Problem to work on:
The stretch wanted below opens at the line containing "Royalty free image" and closes at the line containing "Scripture Of The". Please return it exactly, with no other lines.

Source records:
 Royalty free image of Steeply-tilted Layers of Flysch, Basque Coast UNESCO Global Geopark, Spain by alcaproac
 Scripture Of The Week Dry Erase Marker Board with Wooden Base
--
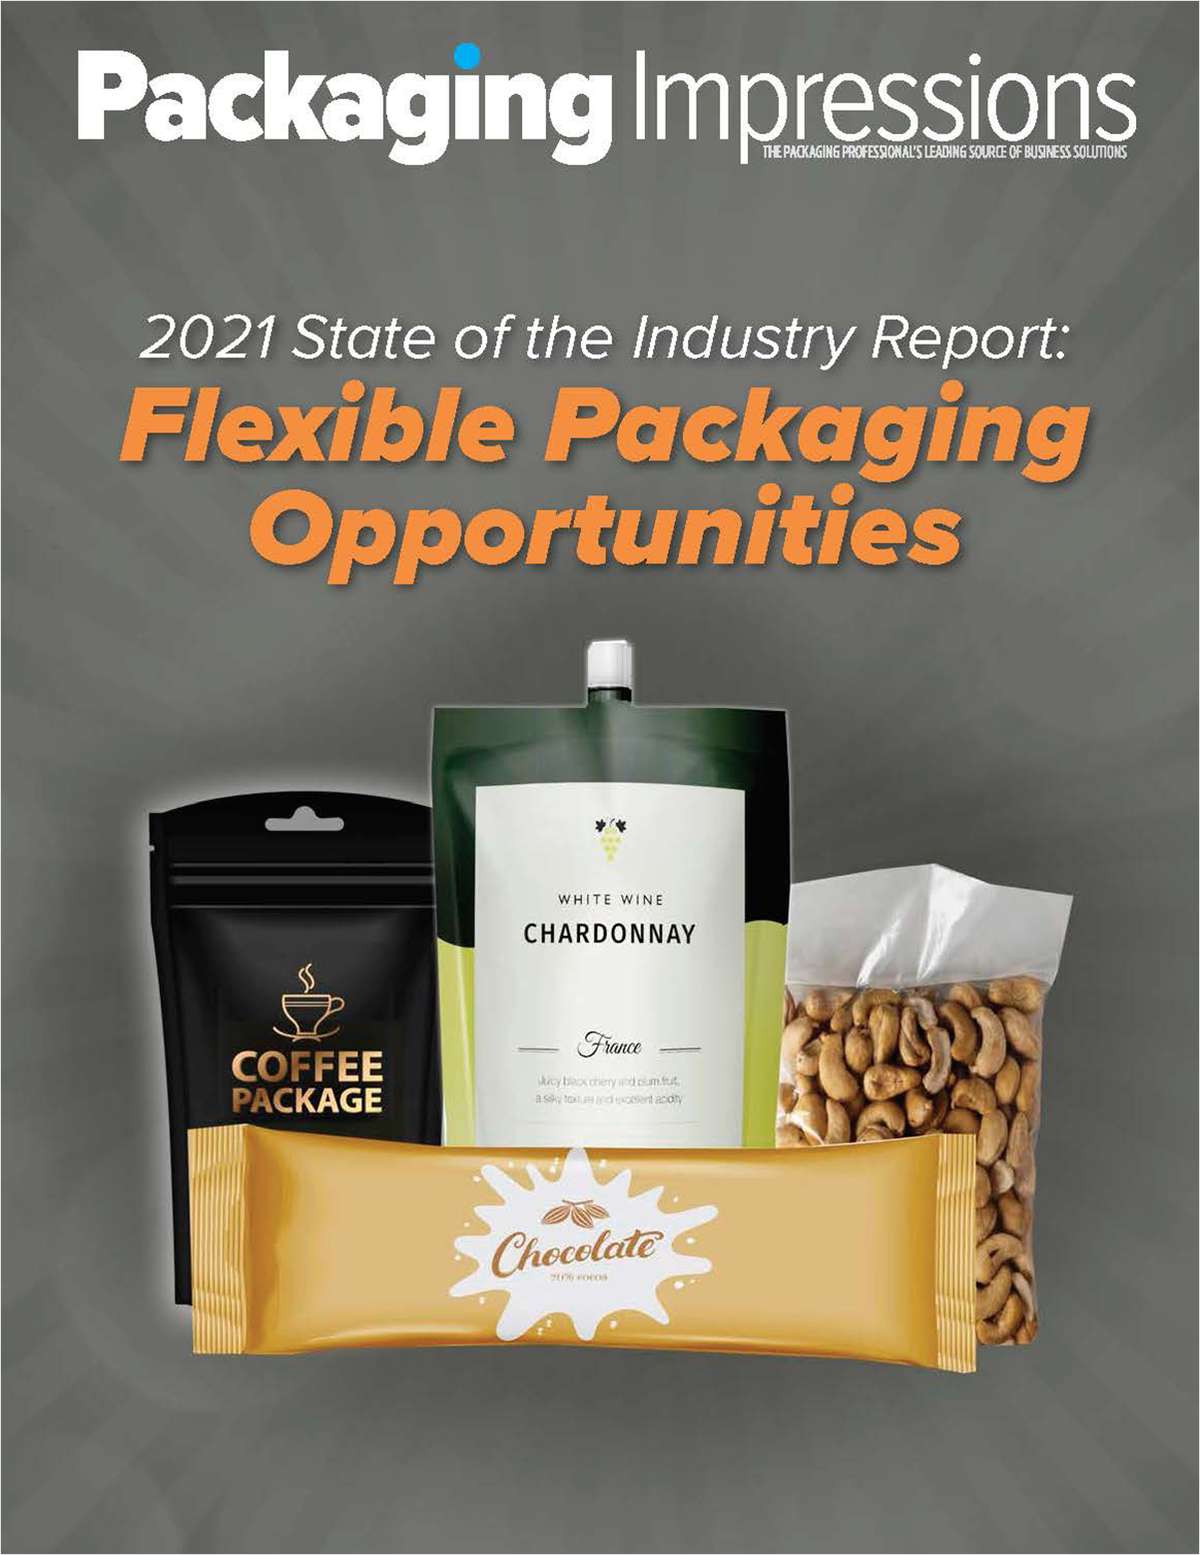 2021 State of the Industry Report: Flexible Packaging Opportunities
--
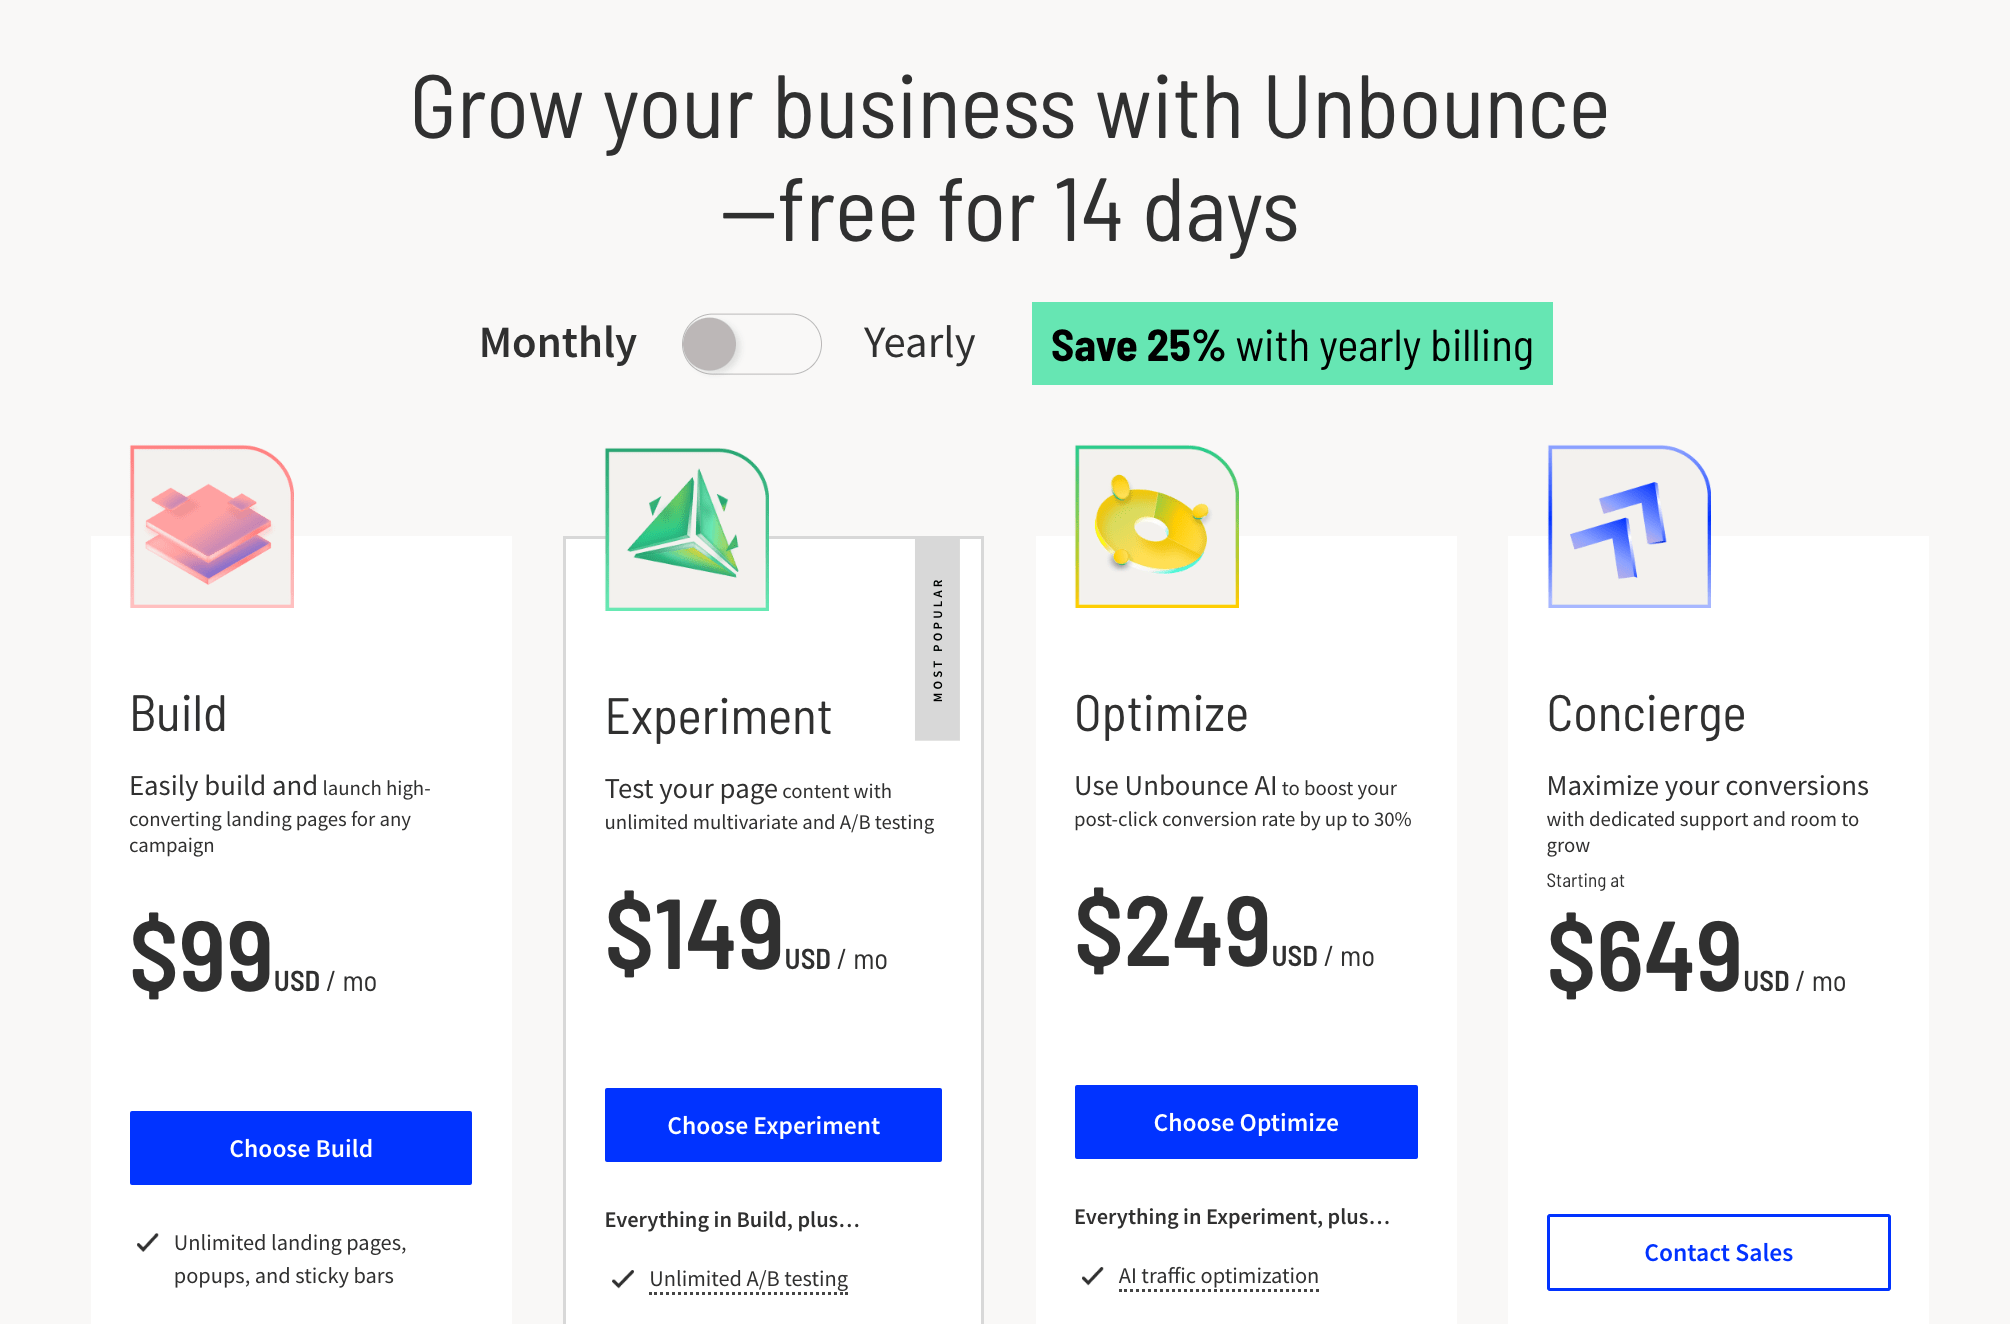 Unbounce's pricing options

Finished exercise:
 Royalty free image of Steeply-tilted Layers of Flysch, Basque Coast UNESCO Global Geopark, Spain by alcaproac
 Scripture Of The Week Dry Erase Marker Board with Wooden Base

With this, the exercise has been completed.